> -----Original Message-----
> From: Stefano Mazzocchi [mailto:stefano@apache.org]
> Sent: Monday, October 27, 2003 6:06 AM
> To: James Developers List
> Cc: dev@cocoon.apache.org; forrest-dev@xml.apache.org; lenya-
> dev@cocoon.apache.org
>
>
> On Sunday, Oct 26, 2003, at 23:33 Europe/Rome, Noel J. Bergman wrote:
>
> >> He's not questioning whether it's encrypted. His point is, doco sends
> >> an email to an address, and you respond.

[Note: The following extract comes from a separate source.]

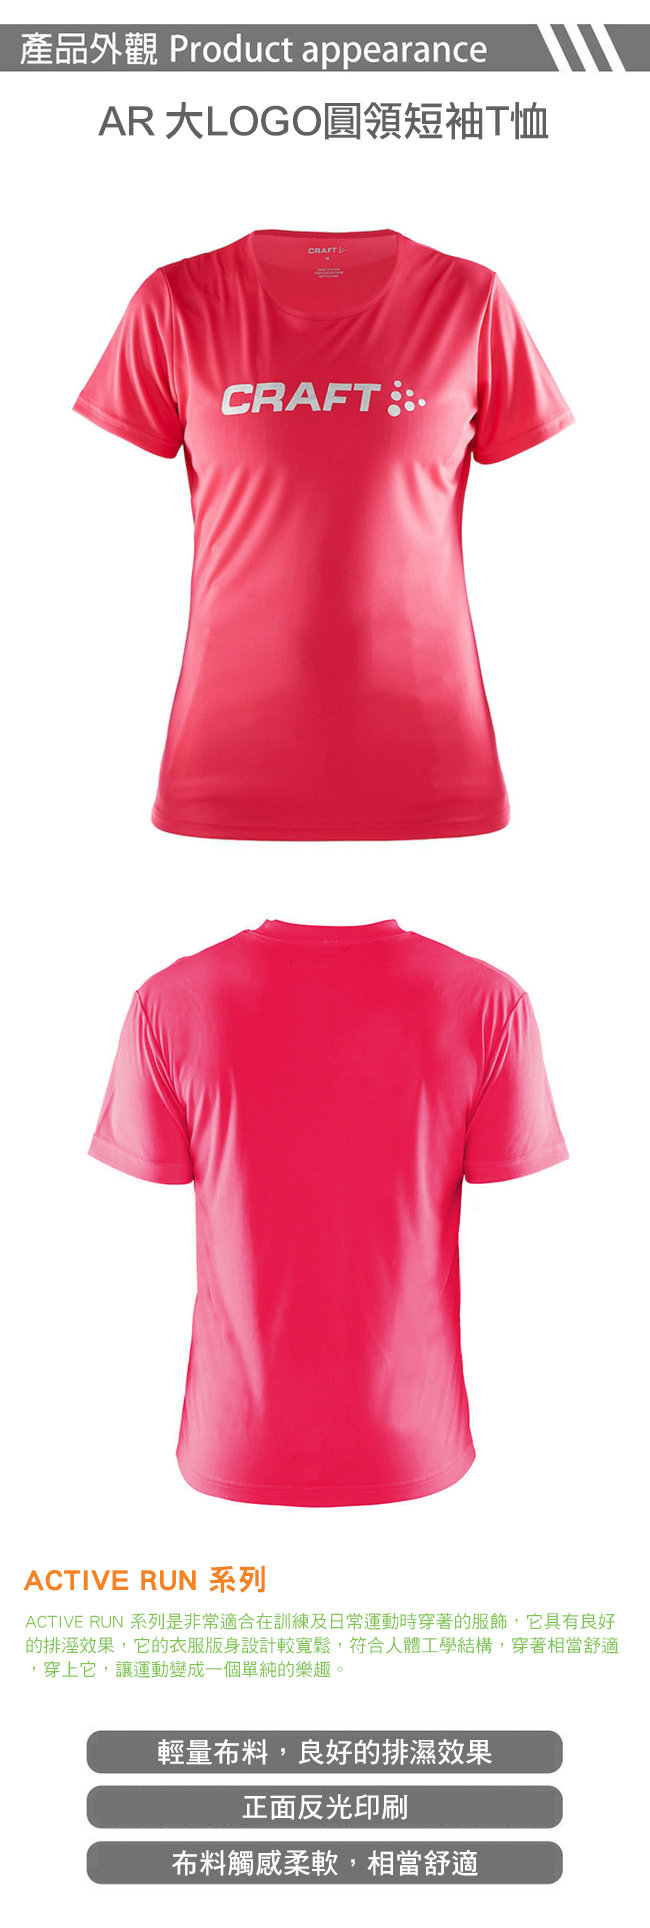 【瑞典CRAFT】女 AR大LOGO圓領短袖T恤『櫻桃紅』192482

It gives very little
> >> control,
> >> even if there is a compromise.
> >
> > AIUI, the proposed solution would allow "anyone" to edit content, and
> > contribute it as a "patch". Content could include defacements,
> > changes to
> > .htaccess, and CGI scripts.
>
> nah, dude, look: doco has a very precise editing access point. You can
> *ONLY* modify xml content. So, changes to .htaccess, CGI scripts,
> servlet upload, sql injection, cross-site-scripting, and you next
> favorite attack will NOT work because the system prevents it by design
> [not saying it cannot happen, but if it does it's a bug, not a faulty
> design]
FWIW, I agree. Perhaps the submit goes to a well-formedness check (or even
better?, schema/dtd validation). If it fails, it doesn't even enter the
approval process. Perhaps a notification email is sent describing that an
invalid submittal was sent. The user is returned an error page saying the
post was rejected, in case it was just a mistake.
On another note, can images/PDFs/other-binaries be uploaded?